Another interesting example:
APL => J
Kenneth Iverson of Harvard's APL was the first computer language I
fell in love with, made me hate FORTRAN or any other punch card
language. This was early "dot prompt", an interactive command line.
No big long delayed gratification while you write this huge script,
then debug it for hours. So *not* the XP style (so the opposite of
unit testing as you go).
APL you may recall, uses a not-ASCII developed as a chalkboard math
notation, then made executable. J is the same thing, but ASCII. You
really have to change your thinking to appreciate J's power.
I'm still just a yellow belt in that world, Bruce Lee's retarded
little brother in some late night Kung Fu flick (he protects me from
The Man (played by Roger Hui)).
Even in Python world I'm not Mr.
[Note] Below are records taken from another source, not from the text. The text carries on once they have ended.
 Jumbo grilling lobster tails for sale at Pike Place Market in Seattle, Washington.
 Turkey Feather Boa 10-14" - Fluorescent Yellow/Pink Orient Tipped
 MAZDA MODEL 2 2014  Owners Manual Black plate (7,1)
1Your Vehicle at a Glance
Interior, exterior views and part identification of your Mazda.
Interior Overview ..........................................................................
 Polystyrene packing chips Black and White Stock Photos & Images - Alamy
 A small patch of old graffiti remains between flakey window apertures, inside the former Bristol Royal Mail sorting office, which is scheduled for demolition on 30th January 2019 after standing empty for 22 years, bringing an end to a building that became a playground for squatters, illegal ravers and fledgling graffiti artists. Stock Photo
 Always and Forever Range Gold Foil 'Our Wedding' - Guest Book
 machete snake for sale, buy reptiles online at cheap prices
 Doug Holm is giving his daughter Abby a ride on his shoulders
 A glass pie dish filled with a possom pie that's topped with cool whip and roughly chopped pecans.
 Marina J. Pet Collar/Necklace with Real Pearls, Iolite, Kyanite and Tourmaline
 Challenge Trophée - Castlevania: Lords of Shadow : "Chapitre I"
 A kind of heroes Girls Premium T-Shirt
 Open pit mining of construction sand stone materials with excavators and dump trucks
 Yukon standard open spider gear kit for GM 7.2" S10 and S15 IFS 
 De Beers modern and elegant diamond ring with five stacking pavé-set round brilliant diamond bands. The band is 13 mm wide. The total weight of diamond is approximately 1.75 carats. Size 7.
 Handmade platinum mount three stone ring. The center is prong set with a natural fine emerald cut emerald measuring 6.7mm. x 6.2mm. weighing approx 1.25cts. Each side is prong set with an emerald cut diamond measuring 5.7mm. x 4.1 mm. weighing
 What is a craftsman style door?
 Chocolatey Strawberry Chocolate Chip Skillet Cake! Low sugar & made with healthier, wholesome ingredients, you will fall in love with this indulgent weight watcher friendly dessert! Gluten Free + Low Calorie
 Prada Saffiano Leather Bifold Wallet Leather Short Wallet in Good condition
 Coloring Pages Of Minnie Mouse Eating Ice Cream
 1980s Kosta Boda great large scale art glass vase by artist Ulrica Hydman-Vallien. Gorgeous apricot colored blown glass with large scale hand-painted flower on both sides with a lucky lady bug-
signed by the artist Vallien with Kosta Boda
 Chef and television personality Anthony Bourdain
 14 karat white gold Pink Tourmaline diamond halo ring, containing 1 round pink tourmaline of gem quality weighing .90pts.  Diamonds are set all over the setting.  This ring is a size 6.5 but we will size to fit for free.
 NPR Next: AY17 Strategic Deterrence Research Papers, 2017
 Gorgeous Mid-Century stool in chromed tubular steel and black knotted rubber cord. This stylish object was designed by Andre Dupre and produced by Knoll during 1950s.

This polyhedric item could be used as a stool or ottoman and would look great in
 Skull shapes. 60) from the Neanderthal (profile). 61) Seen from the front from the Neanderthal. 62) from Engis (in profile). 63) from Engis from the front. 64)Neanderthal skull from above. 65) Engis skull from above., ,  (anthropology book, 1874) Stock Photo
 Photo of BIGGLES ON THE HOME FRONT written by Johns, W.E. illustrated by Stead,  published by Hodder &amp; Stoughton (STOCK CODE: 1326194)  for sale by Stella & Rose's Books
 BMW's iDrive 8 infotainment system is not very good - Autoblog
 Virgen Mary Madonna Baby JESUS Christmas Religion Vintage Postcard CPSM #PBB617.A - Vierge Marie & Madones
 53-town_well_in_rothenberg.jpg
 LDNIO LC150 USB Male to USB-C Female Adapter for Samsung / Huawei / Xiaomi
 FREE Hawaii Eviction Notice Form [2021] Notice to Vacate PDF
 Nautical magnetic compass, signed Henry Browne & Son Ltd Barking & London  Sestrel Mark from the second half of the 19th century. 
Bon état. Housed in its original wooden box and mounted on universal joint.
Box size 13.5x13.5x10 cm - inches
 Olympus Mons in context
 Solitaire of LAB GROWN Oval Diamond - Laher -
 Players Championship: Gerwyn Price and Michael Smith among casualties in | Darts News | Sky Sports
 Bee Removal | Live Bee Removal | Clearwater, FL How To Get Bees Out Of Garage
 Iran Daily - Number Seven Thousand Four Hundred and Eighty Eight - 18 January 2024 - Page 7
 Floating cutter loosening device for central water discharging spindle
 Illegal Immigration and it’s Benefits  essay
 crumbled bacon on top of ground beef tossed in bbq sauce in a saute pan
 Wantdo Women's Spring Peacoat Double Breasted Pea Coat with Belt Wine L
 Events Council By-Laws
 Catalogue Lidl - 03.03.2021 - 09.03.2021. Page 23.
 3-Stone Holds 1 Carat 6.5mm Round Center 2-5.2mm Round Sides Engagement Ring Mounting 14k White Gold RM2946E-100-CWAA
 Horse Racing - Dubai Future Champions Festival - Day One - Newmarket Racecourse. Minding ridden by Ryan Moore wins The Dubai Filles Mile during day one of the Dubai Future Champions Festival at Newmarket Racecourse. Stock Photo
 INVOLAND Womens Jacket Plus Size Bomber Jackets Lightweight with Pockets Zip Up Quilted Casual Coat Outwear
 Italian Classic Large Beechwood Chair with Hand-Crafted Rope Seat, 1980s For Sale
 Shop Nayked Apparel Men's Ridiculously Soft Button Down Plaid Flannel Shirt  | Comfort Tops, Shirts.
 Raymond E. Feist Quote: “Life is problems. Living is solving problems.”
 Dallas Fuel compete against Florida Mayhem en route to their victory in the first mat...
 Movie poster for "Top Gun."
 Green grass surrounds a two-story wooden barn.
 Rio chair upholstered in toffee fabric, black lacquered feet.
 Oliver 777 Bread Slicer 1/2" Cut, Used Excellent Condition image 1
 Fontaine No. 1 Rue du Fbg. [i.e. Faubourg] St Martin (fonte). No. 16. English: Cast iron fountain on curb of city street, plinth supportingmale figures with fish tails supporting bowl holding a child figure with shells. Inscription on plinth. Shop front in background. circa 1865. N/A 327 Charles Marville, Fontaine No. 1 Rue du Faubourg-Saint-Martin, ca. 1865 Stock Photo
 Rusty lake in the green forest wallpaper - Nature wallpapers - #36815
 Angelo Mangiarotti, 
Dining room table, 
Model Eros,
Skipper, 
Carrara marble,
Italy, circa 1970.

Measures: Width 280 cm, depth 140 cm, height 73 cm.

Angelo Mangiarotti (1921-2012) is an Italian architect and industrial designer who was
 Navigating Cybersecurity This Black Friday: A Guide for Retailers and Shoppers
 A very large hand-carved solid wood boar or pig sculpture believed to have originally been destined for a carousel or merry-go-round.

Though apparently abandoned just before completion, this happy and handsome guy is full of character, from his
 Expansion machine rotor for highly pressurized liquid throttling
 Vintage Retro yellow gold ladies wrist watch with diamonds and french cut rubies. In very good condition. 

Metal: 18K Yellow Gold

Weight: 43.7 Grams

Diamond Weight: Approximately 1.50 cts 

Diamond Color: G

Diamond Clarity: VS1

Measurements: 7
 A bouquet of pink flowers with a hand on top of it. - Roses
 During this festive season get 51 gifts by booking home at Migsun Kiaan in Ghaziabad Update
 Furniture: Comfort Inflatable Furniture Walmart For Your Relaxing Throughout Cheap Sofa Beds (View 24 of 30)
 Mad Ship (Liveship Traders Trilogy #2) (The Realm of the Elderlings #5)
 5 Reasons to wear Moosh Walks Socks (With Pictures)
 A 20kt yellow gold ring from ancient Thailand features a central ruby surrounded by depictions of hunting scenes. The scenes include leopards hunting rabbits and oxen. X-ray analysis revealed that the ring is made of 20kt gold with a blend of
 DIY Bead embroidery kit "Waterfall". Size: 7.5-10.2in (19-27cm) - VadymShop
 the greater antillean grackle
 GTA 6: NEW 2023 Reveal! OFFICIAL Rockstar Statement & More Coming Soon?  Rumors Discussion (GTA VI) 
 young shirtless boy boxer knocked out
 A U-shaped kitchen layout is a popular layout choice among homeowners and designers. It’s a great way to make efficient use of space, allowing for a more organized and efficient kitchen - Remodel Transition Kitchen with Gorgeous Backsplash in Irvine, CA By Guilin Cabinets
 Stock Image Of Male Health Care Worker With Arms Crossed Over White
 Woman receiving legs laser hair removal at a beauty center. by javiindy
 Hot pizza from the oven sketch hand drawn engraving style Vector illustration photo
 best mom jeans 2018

Metaclass, nor smooth talkin' Plone
Archetypes. Arthur sometimes ridicules my short little code blocks
(where are my thousands of lines (answer: in FoxPro)).
But that's just or "stars in the sky" style over in Buckyville. We
have these weird slogans, like "YOU be the glue." Brad says our
private sky is NOT THE WORLD in his posts. He sounds like a
philosopher. Some other castle somewhere, where they use "all caps" a
lot (I try to be sparing, but yes, I use them too).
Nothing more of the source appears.